Saturday, April 13, 2013

Shameless Saturday Camp Explosion: Hula-balloo


"We are better able to enjoy a fantasy as fantasy when it is not our own."
- Susan Sontag, "Notes on Camp"

In this case, the fantasy appears to be Robert Young's, a few decades before his immortalization as Dr. Marcus Welby.  That it features perhaps the least Polynesian person ever to live, Miss Eleanor Powell, is one of the elements that elevates this particular number to the Camp pantheon.  That and her costume, which bears about as much resemblance to a grass skirt as it does to a lamé piano shawl.

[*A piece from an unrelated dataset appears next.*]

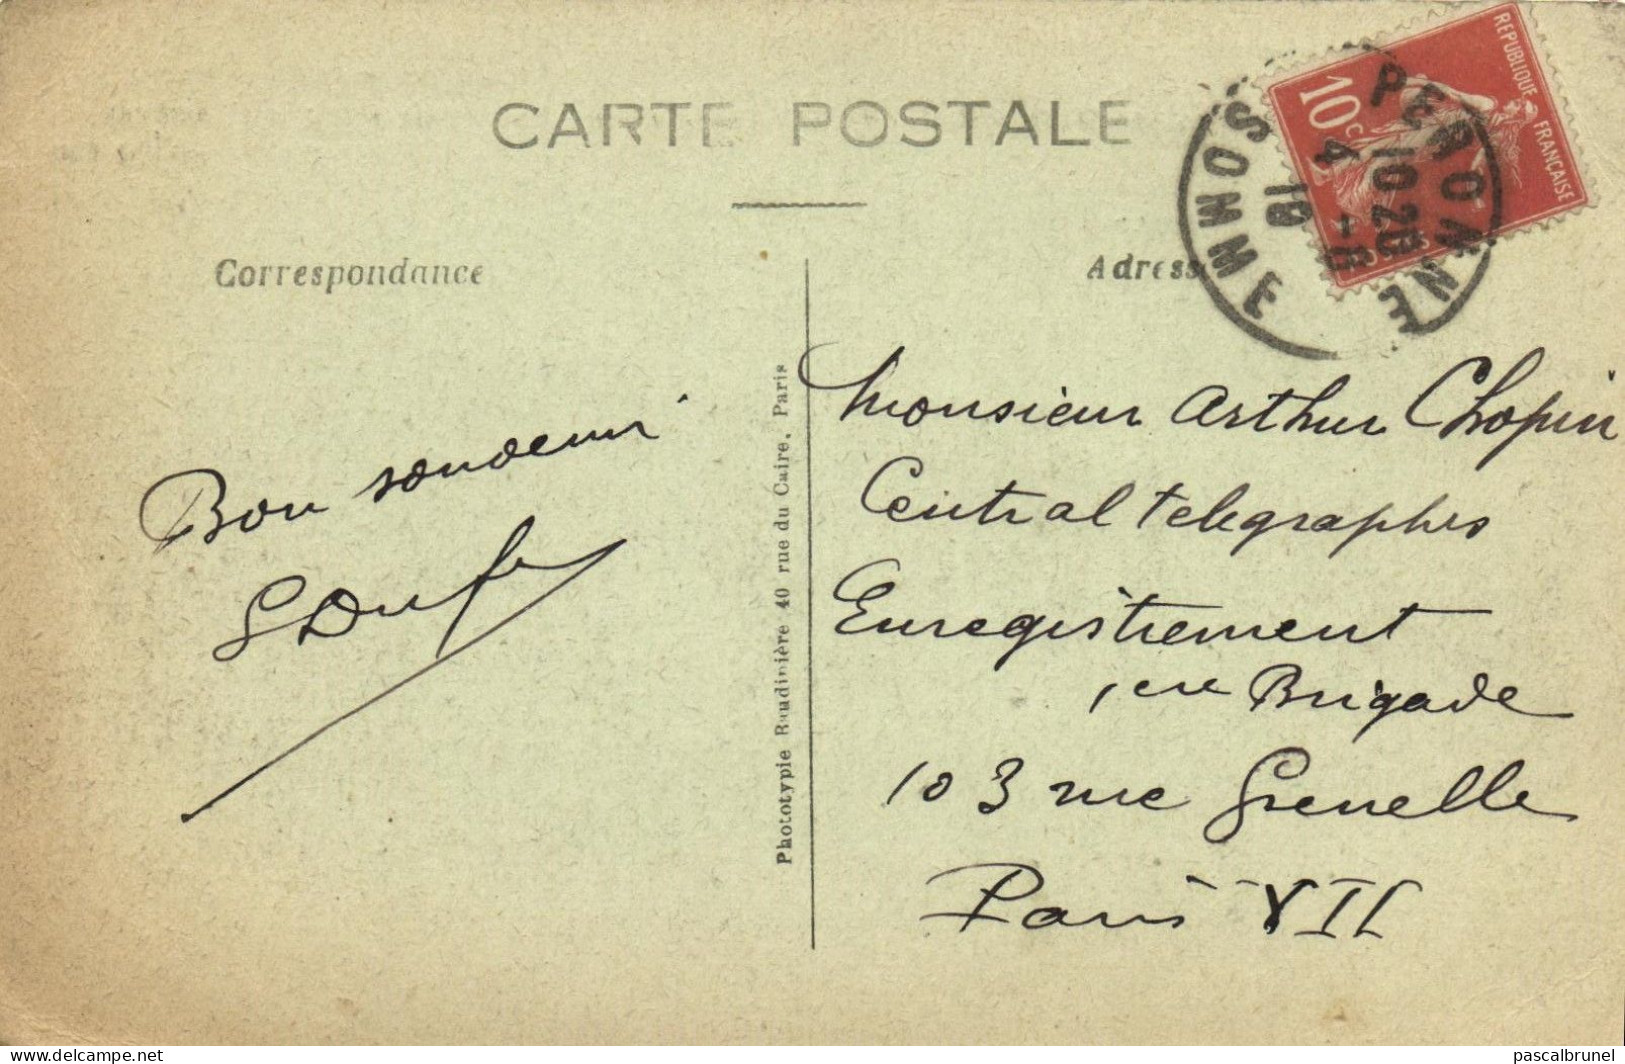 BEUVRAIGNES - VUE D'ENSEMBLE DES DECOMBRES - LA FRANCE RECONQUISE - 1917 - Beuvraignes
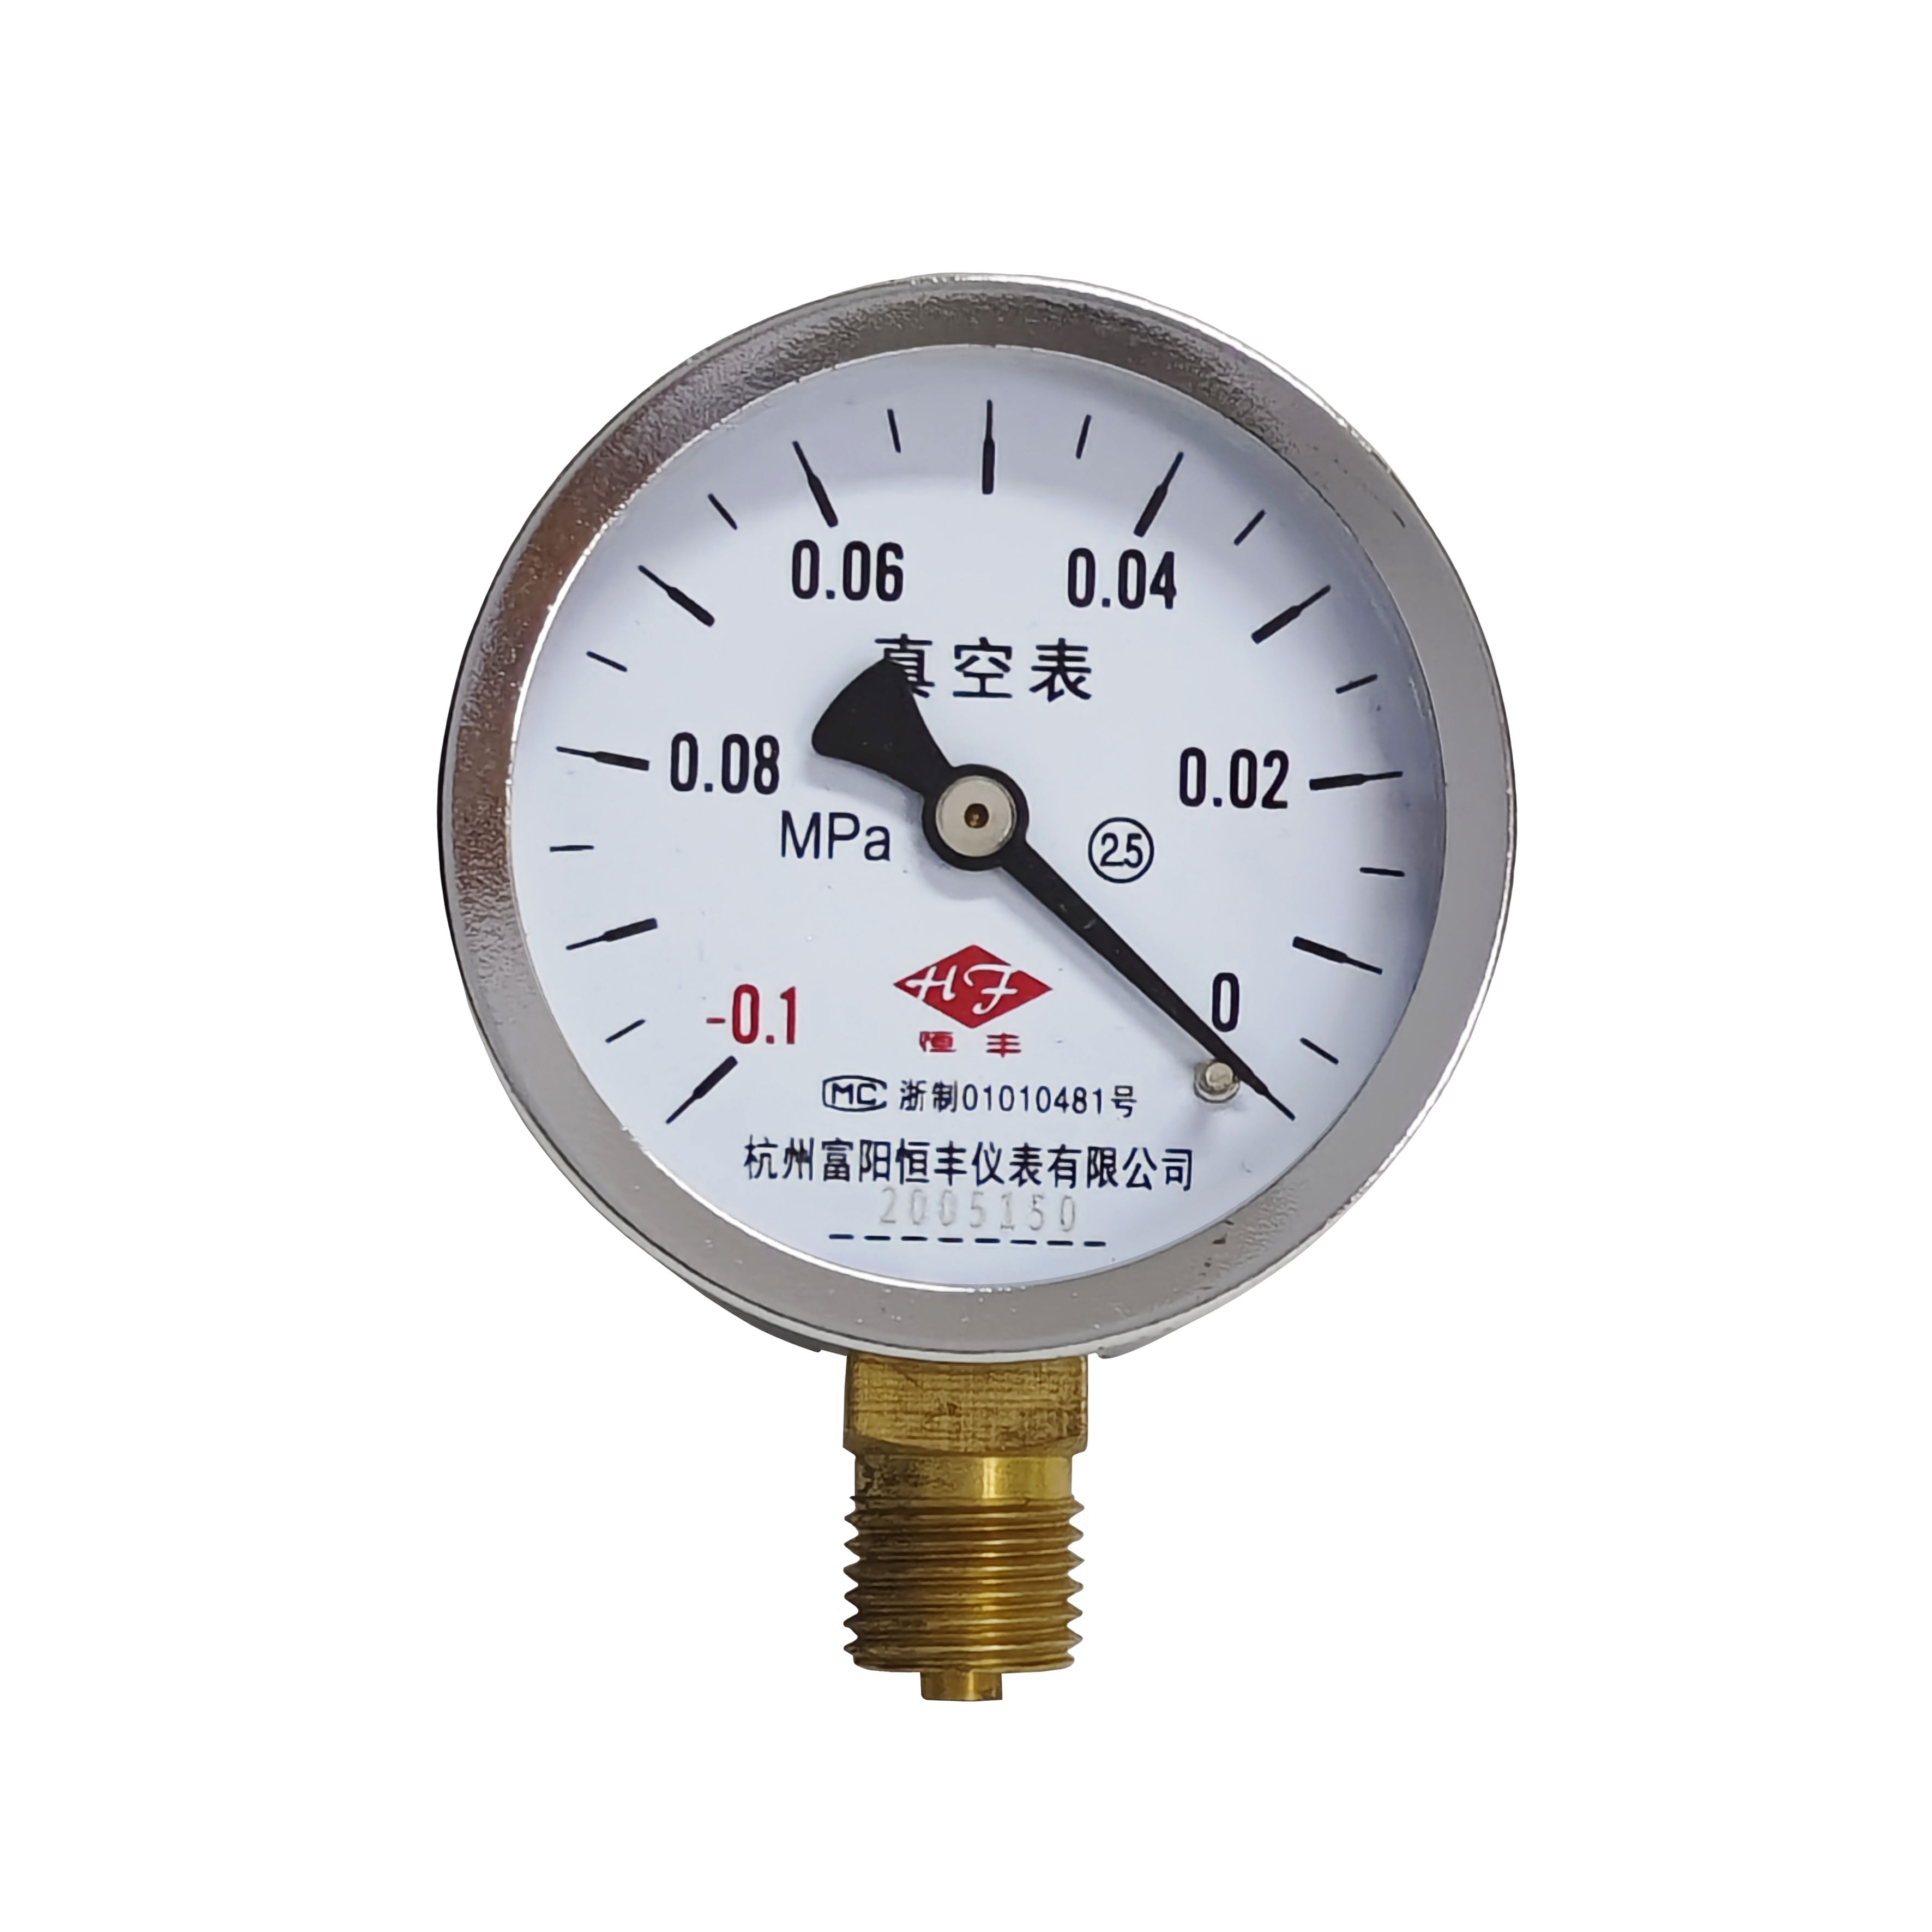 Y60 ordinary pressure gauge

This clip, from Honolulu (which also featured Burns and Allen for comic relief), is neither the most riotous nor the most ridiculous SSCE one could imagine, but it's nonetheless a genuine insight into Hollywood's ideas of the "exotic," circa 1939.  Powell's home studio, MGM, was less a center for these kinds of tropical fantasies than, say, Fox (with its South-of-the-Border spectacles anchored by Carmen Miranda and her Banda da Lua).  Nonetheless, Metro applied its usual level of polish to this little gem, for at this time Powell was one of its prestige stars.  I've always found her oddly weightless somehow, a star without consequence.  She gamely did her job, but had she never existed, I don't think she'd be much missed.  Still, here, in her rigorously affixed lei and equally fixed smile, she's pretty swell.  Who else could carry off a tap hula?

2 comments:

  1. I miss Eleanor Powell!

    She provided one of my "most extravagantly camp moments in cinema history", after all...

    Jx

    ReplyDelete
  2. Wow. It may not be Marlene in Hot Voodoo, but it's close. I especially love Miss Powell's Polynesian Salute being staged in the Fiesta Room.